Hola gente ,tengo un micro que saque de unos auriculares tiene dos cables negro y blanco ,quiero saber como hacer para usarlo con la pc ,tengo unos auriculares de celular que no me sirven puedo usar el cable y el jack para hacerlo andar ?


----------



## tiago (Sep 8, 2017)

Hola.
Lo primero que debes de saber es si el micro que tienes es de cápsula dinámica o es de cápsula electret. El de cápsula dinámica se puede conectar, pero no directamente pues son de baja impedancia.
La cápsula de tipo electret se puede conectar directamente, como muestra la ilustración.
Aunque en ella se refieren a una placa AsRock, sirve para conectar a cualquier entrada de micro de PC.






Saludos.


----------



## Marcosch (Sep 8, 2017)

Hola ,gracias por responder ,es electret. mi duda es la siguiente tengo un plug macho de auriculares de celular , con tres aros negros y tiene 4 cables por que eran auriculares con mic, me sirve ? conecto a los dos primero , adjunto una foto


----------



## tiago (Sep 9, 2017)

Puedes usar ese conector para el micro. Lo tienes que adaptar porque es de cuatro anillos (Punta y tres cortos)

Los dos últimos anillos de tu conector, que en el caso de la ilustración que te puse es un único anolillo alargado, debes unir sus terminales para que se comporte como si fuese un anillo largo. De ésta forma, eléctricamente tendrá la misma fisionomía que un Jack de tres anillos (Punta, anillo corto y anillo alargado)

Ese Jack que tienes es para entradas que incorporan en el mismo conector las señales de micro y auriculares. Todo ésto que estamos hablando es para que conectes el micro a una entrada dedicada únicamente a micrófono.

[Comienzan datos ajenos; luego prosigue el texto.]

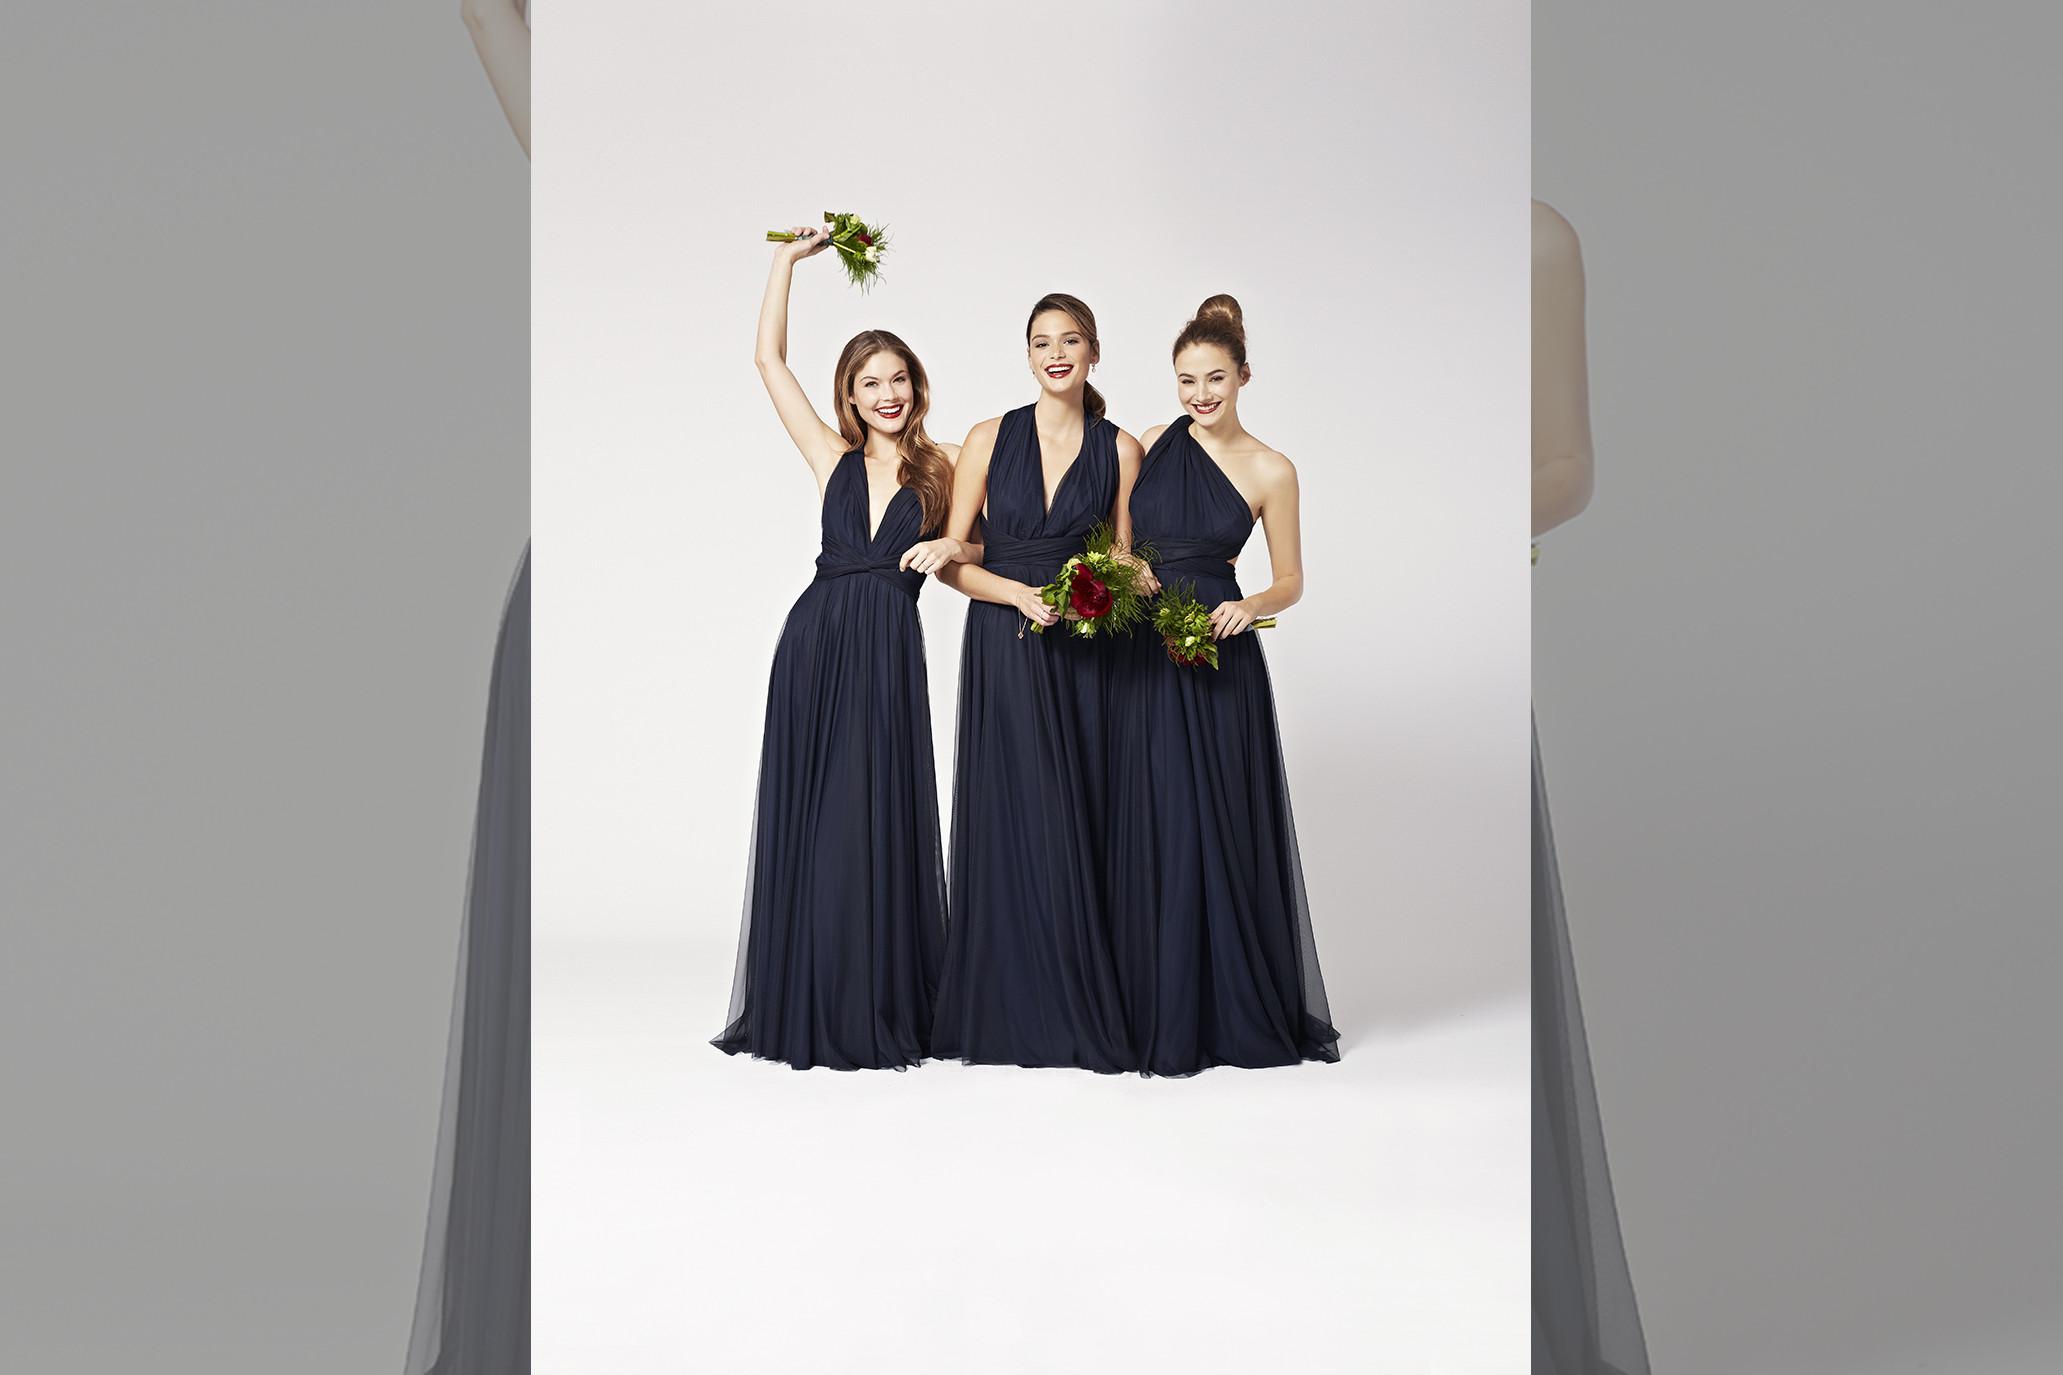 bridebook.co.uk-twobirds navy dresses smiling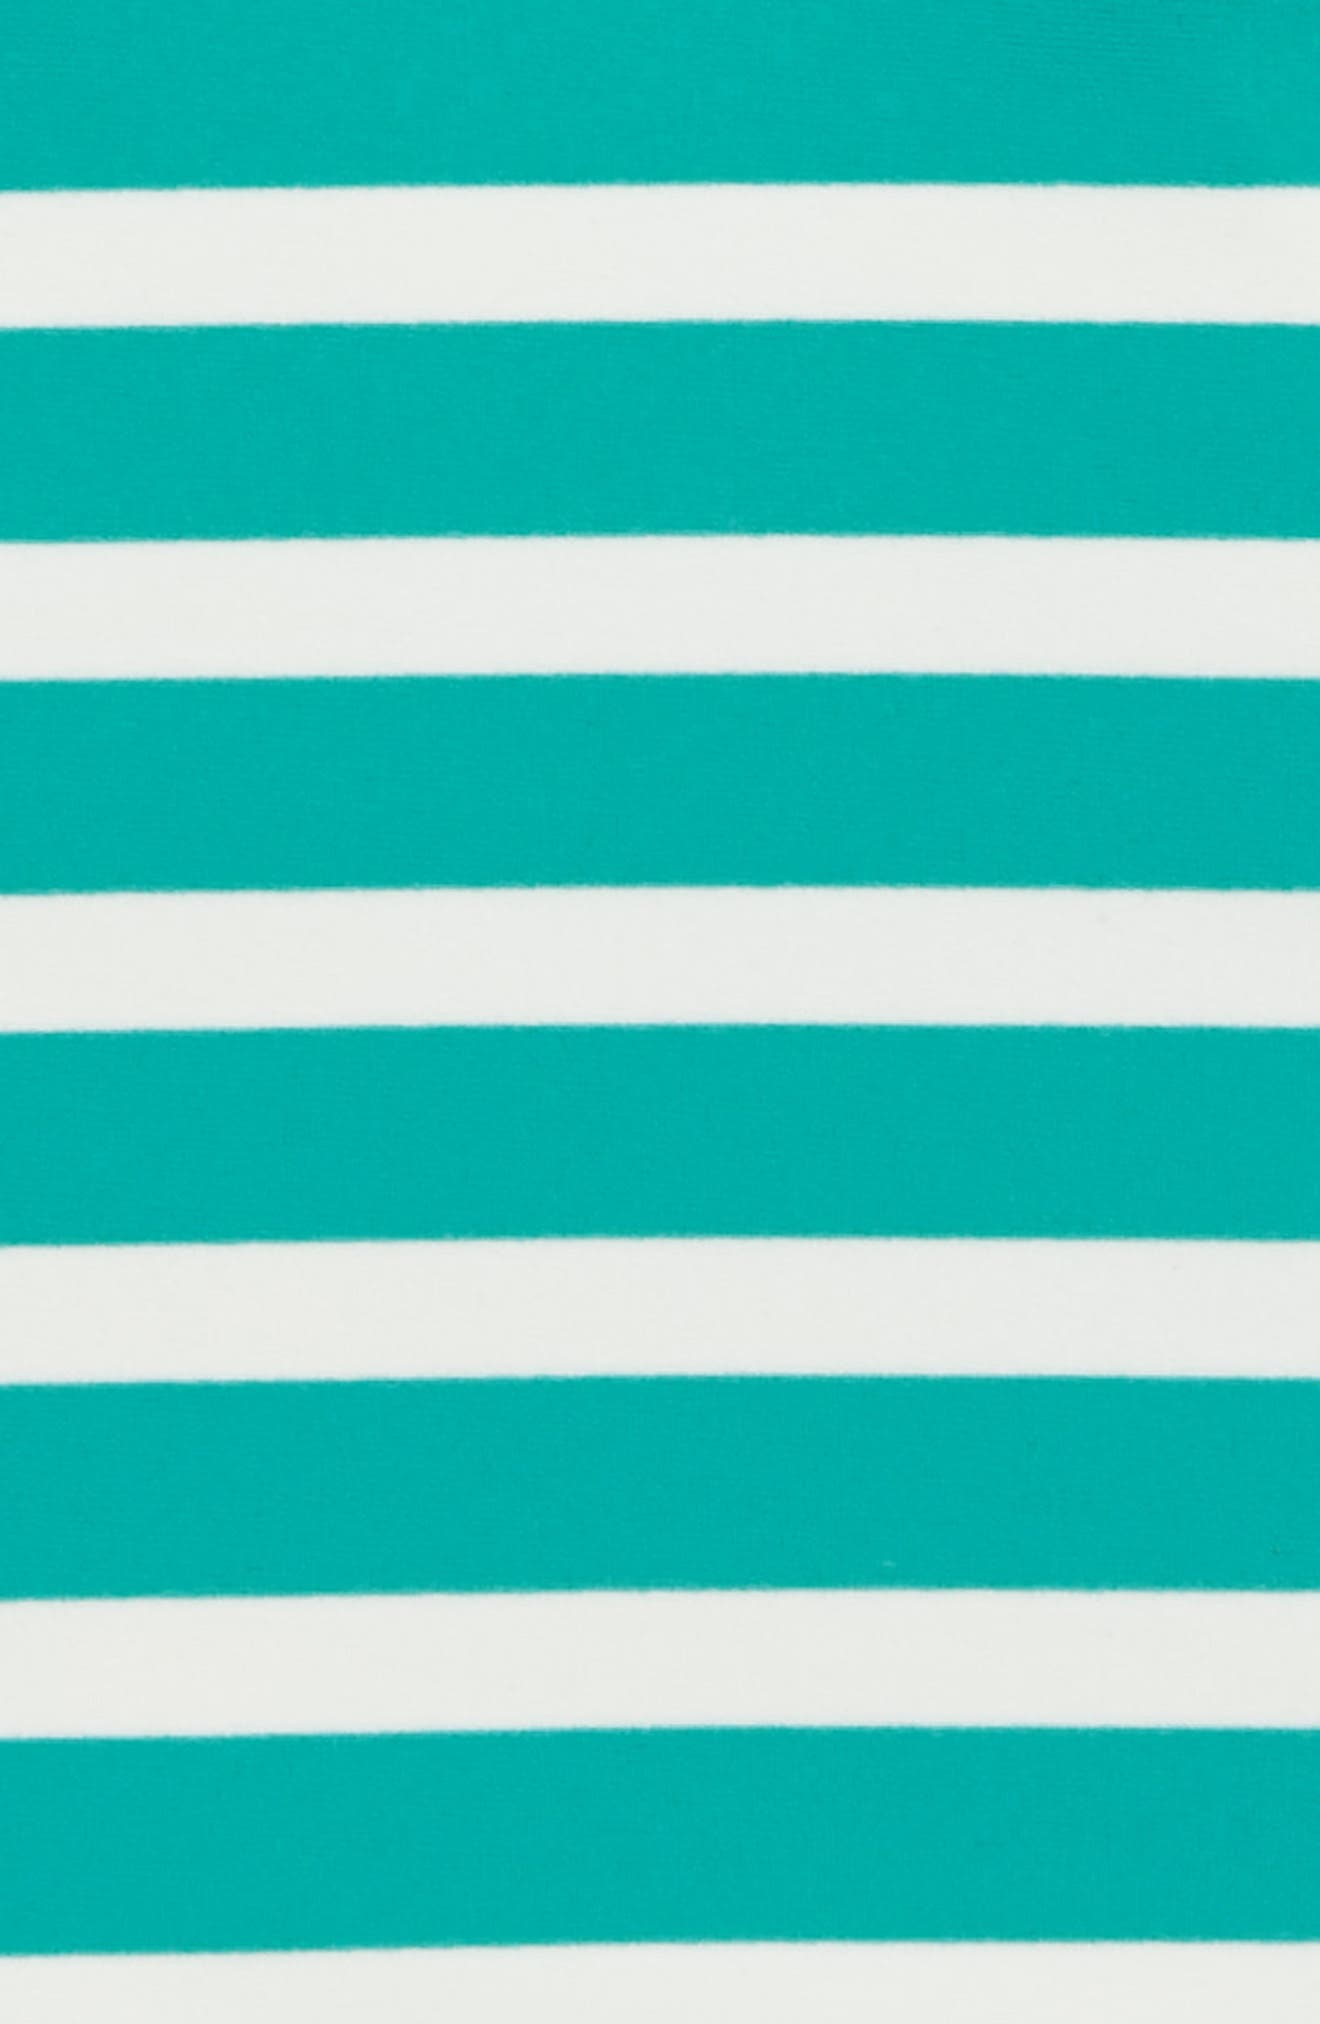 Racerback Tankini Top,                             Alternate thumbnail 2, color,                             Mermaid Tonal Stripe

Saludos y bienvenido a la comunidad.


----------



## Marcosch (Sep 11, 2017)

tiago dijo:


> Puedes usar ese conector para el micro. Lo tienes que adaptar porque es de cuatro anillos (Punta y tres cortos)
> 
> Los dos últimos anillos de tu conector, que en el caso de la ilustración que te puse es un único anolillo alargado, debes unir sus terminales para que se comporte como si fuese un anillo largo. De ésta forma, eléctricamente tendrá la misma fisionomía que un Jack de tres anillos (Punta, anillo corto y anillo alargado)
> 
> ...


disculpa las molestias tiago , no lo pude hacer andar , adjunto fotos para que veas , no se que estoy haciendo mal ,desde ya muchas gracias ! y lo conecto a una entrada dedicada a microfono , por si te preguntas .


----------



## tiago (Sep 11, 2017)

Veo que tienes un jack diferente al de la foto que posteaste al principio.
El micro lleva dos cables soldados a dos conexiones, uno es blanco y el otro es negro.
La conexión que lleva soldado el cable blanco va soldada en el jack a la patilla que corresponde a la punta y también a la que corresponde al anillo central.
La conexión del micro que lleva soldado el cable negro debe ir soldada a la patilla que corresponde al anillo superior, el que se convierte en una rosca donde encaja la funda.

Haz una foto de la entrada de micro a la que le estás acoplando el invento, a ver que símbolo lleva.
Si lleva una entrada única para auricular y micro las conexiones son diferentes, así:






Saludos.


----------